INSTRUCTIONS FOR THE TASK | Are you able to retype all the records below exactly?

Stored dataset items:
· · · ·
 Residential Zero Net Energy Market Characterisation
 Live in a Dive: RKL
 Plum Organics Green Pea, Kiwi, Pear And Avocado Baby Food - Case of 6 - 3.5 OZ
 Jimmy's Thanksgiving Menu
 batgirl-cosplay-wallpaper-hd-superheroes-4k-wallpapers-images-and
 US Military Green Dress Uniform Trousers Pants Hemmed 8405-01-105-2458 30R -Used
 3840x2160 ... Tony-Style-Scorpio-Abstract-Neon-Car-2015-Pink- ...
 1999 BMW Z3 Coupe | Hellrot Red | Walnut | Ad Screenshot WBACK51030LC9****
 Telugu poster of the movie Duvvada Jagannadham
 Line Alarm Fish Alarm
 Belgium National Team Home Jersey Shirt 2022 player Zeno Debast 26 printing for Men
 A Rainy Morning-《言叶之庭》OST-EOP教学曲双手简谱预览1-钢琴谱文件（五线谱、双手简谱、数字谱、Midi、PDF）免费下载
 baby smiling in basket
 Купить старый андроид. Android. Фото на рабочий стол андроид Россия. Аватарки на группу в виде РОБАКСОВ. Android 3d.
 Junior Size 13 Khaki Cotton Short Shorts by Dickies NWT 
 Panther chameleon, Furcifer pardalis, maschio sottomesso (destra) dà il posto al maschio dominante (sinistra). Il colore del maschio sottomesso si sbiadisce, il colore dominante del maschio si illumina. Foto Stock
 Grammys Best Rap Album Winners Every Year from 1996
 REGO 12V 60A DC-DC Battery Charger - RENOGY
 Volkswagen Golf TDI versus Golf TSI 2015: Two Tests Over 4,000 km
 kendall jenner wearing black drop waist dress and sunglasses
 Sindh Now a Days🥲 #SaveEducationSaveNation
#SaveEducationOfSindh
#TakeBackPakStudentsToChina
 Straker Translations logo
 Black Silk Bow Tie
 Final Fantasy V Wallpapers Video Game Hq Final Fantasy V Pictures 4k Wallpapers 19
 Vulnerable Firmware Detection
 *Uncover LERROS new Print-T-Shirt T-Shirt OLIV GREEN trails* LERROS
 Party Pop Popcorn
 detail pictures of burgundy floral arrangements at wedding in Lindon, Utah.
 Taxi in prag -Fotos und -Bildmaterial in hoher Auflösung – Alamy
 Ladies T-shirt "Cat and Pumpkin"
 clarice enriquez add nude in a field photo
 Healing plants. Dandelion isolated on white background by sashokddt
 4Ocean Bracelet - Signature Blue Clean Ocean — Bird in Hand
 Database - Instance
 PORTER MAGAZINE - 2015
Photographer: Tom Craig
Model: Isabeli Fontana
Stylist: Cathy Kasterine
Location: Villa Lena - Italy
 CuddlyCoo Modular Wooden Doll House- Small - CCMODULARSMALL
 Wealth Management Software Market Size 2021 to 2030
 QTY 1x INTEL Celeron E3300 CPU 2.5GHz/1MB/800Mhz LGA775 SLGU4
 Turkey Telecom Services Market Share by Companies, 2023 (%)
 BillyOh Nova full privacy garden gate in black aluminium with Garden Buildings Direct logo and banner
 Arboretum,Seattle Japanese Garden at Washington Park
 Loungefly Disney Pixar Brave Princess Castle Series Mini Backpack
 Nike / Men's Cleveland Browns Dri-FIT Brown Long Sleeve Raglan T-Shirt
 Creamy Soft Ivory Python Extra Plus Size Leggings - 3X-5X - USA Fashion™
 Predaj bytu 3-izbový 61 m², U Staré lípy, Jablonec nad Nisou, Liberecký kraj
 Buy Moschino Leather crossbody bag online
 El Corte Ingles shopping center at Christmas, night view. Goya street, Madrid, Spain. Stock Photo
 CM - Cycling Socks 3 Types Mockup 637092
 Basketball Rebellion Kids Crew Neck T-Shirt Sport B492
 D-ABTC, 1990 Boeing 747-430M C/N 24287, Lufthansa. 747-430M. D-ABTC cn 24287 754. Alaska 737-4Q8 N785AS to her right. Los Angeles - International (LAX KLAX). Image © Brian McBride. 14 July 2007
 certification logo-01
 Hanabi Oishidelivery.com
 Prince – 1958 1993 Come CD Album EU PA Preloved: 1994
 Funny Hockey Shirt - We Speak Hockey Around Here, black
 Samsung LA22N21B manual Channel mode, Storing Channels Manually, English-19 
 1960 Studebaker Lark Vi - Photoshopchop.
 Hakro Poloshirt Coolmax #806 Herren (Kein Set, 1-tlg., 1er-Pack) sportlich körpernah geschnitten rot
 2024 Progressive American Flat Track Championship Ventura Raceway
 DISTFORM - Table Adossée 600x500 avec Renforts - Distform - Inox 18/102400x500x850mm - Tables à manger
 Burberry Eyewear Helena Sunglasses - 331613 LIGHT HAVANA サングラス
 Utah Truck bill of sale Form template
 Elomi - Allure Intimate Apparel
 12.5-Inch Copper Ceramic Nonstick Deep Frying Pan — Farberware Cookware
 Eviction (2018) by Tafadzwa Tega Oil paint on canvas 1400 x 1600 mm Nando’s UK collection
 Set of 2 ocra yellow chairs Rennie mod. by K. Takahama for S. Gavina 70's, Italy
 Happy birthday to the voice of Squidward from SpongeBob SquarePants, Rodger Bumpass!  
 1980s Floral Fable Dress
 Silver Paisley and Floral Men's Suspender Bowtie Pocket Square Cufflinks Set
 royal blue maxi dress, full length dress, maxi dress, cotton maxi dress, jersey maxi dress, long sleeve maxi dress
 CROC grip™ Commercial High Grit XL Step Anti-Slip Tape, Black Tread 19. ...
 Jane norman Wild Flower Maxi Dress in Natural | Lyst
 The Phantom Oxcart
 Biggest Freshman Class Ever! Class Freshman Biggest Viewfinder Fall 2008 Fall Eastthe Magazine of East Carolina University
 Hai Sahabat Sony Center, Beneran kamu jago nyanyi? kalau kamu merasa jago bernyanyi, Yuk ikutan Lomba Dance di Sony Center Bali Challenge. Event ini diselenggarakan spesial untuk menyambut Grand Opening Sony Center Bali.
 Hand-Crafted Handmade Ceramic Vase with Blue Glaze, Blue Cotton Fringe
· · · ·
REPLY TO THE TASK |
 Residential Zero Net Energy Market Characterisation
 Live in a Dive: RKL
 Plum Organics Green Pea, Kiwi, Pear And Avocado Baby Food - Case of 6 - 3.5 OZ
 Jimmy's Thanksgiving Menu
 batgirl-cosplay-wallpaper-hd-superheroes-4k-wallpapers-images-and
 US Military Green Dress Uniform Trousers Pants Hemmed 8405-01-105-2458 30R -Used
 3840x2160 ... Tony-Style-Scorpio-Abstract-Neon-Car-2015-Pink- ...
 1999 BMW Z3 Coupe | Hellrot Red | Walnut | Ad Screenshot WBACK51030LC9****
 Telugu poster of the movie Duvvada Jagannadham
 Line Alarm Fish Alarm
 Belgium National Team Home Jersey Shirt 2022 player Zeno Debast 26 printing for Men
 A Rainy Morning-《言叶之庭》OST-EOP教学曲双手简谱预览1-钢琴谱文件（五线谱、双手简谱、数字谱、Midi、PDF）免费下载
 baby smiling in basket
 Купить старый андроид. Android. Фото на рабочий стол андроид Россия. Аватарки на группу в виде РОБАКСОВ. Android 3d.
 Junior Size 13 Khaki Cotton Short Shorts by Dickies NWT 
 Panther chameleon, Furcifer pardalis, maschio sottomesso (destra) dà il posto al maschio dominante (sinistra). Il colore del maschio sottomesso si sbiadisce, il colore dominante del maschio si illumina. Foto Stock
 Grammys Best Rap Album Winners Every Year from 1996
 REGO 12V 60A DC-DC Battery Charger - RENOGY
 Volkswagen Golf TDI versus Golf TSI 2015: Two Tests Over 4,000 km
 kendall jenner wearing black drop waist dress and sunglasses
 Sindh Now a Days🥲 #SaveEducationSaveNation
#SaveEducationOfSindh
#TakeBackPakStudentsToChina
 Straker Translations logo
 Black Silk Bow Tie
 Final Fantasy V Wallpapers Video Game Hq Final Fantasy V Pictures 4k Wallpapers 19
 Vulnerable Firmware Detection
 *Uncover LERROS new Print-T-Shirt T-Shirt OLIV GREEN trails* LERROS
 Party Pop Popcorn
 detail pictures of burgundy floral arrangements at wedding in Lindon, Utah.
 Taxi in prag -Fotos und -Bildmaterial in hoher Auflösung – Alamy
 Ladies T-shirt "Cat and Pumpkin"
 clarice enriquez add nude in a field photo
 Healing plants. Dandelion isolated on white background by sashokddt
 4Ocean Bracelet - Signature Blue Clean Ocean — Bird in Hand
 Database - Instance
 PORTER MAGAZINE - 2015
Photographer: Tom Craig
Model: Isabeli Fontana
Stylist: Cathy Kasterine
Location: Villa Lena - Italy
 CuddlyCoo Modular Wooden Doll House- Small - CCMODULARSMALL
 Wealth Management Software Market Size 2021 to 2030
 QTY 1x INTEL Celeron E3300 CPU 2.5GHz/1MB/800Mhz LGA775 SLGU4
 Turkey Telecom Services Market Share by Companies, 2023 (%)
 BillyOh Nova full privacy garden gate in black aluminium with Garden Buildings Direct logo and banner
 Arboretum,Seattle Japanese Garden at Washington Park
 Loungefly Disney Pixar Brave Princess Castle Series Mini Backpack
 Nike / Men's Cleveland Browns Dri-FIT Brown Long Sleeve Raglan T-Shirt
 Creamy Soft Ivory Python Extra Plus Size Leggings - 3X-5X - USA Fashion™
 Predaj bytu 3-izbový 61 m², U Staré lípy, Jablonec nad Nisou, Liberecký kraj
 Buy Moschino Leather crossbody bag online
 El Corte Ingles shopping center at Christmas, night view. Goya street, Madrid, Spain. Stock Photo
 CM - Cycling Socks 3 Types Mockup 637092
 Basketball Rebellion Kids Crew Neck T-Shirt Sport B492
 D-ABTC, 1990 Boeing 747-430M C/N 24287, Lufthansa. 747-430M. D-ABTC cn 24287 754. Alaska 737-4Q8 N785AS to her right. Los Angeles - International (LAX KLAX). Image © Brian McBride. 14 July 2007
 certification logo-01
 Hanabi Oishidelivery.com
 Prince – 1958 1993 Come CD Album EU PA Preloved: 1994
 Funny Hockey Shirt - We Speak Hockey Around Here, black
 Samsung LA22N21B manual Channel mode, Storing Channels Manually, English-19 
 1960 Studebaker Lark Vi - Photoshopchop.
 Hakro Poloshirt Coolmax #806 Herren (Kein Set, 1-tlg., 1er-Pack) sportlich körpernah geschnitten rot
 2024 Progressive American Flat Track Championship Ventura Raceway
 DISTFORM - Table Adossée 600x500 avec Renforts - Distform - Inox 18/102400x500x850mm - Tables à manger
 Burberry Eyewear Helena Sunglasses - 331613 LIGHT HAVANA サングラス
 Utah Truck bill of sale Form template
 Elomi - Allure Intimate Apparel
 12.5-Inch Copper Ceramic Nonstick Deep Frying Pan — Farberware Cookware
 Eviction (2018) by Tafadzwa Tega Oil paint on canvas 1400 x 1600 mm Nando’s UK collection
 Set of 2 ocra yellow chairs Rennie mod. by K. Takahama for S. Gavina 70's, Italy
 Happy birthday to the voice of Squidward from SpongeBob SquarePants, Rodger Bumpass!  
 1980s Floral Fable Dress
 Silver Paisley and Floral Men's Suspender Bowtie Pocket Square Cufflinks Set
 royal blue maxi dress, full length dress, maxi dress, cotton maxi dress, jersey maxi dress, long sleeve maxi dress
 CROC grip™ Commercial High Grit XL Step Anti-Slip Tape, Black Tread 19. ...
 Jane norman Wild Flower Maxi Dress in Natural | Lyst
 The Phantom Oxcart
 Biggest Freshman Class Ever! Class Freshman Biggest Viewfinder Fall 2008 Fall Eastthe Magazine of East Carolina University
 Hai Sahabat Sony Center, Beneran kamu jago nyanyi? kalau kamu merasa jago bernyanyi, Yuk ikutan Lomba Dance di Sony Center Bali Challenge. Event ini diselenggarakan spesial untuk menyambut Grand Opening Sony Center Bali.
 Hand-Crafted Handmade Ceramic Vase with Blue Glaze, Blue Cotton Fringe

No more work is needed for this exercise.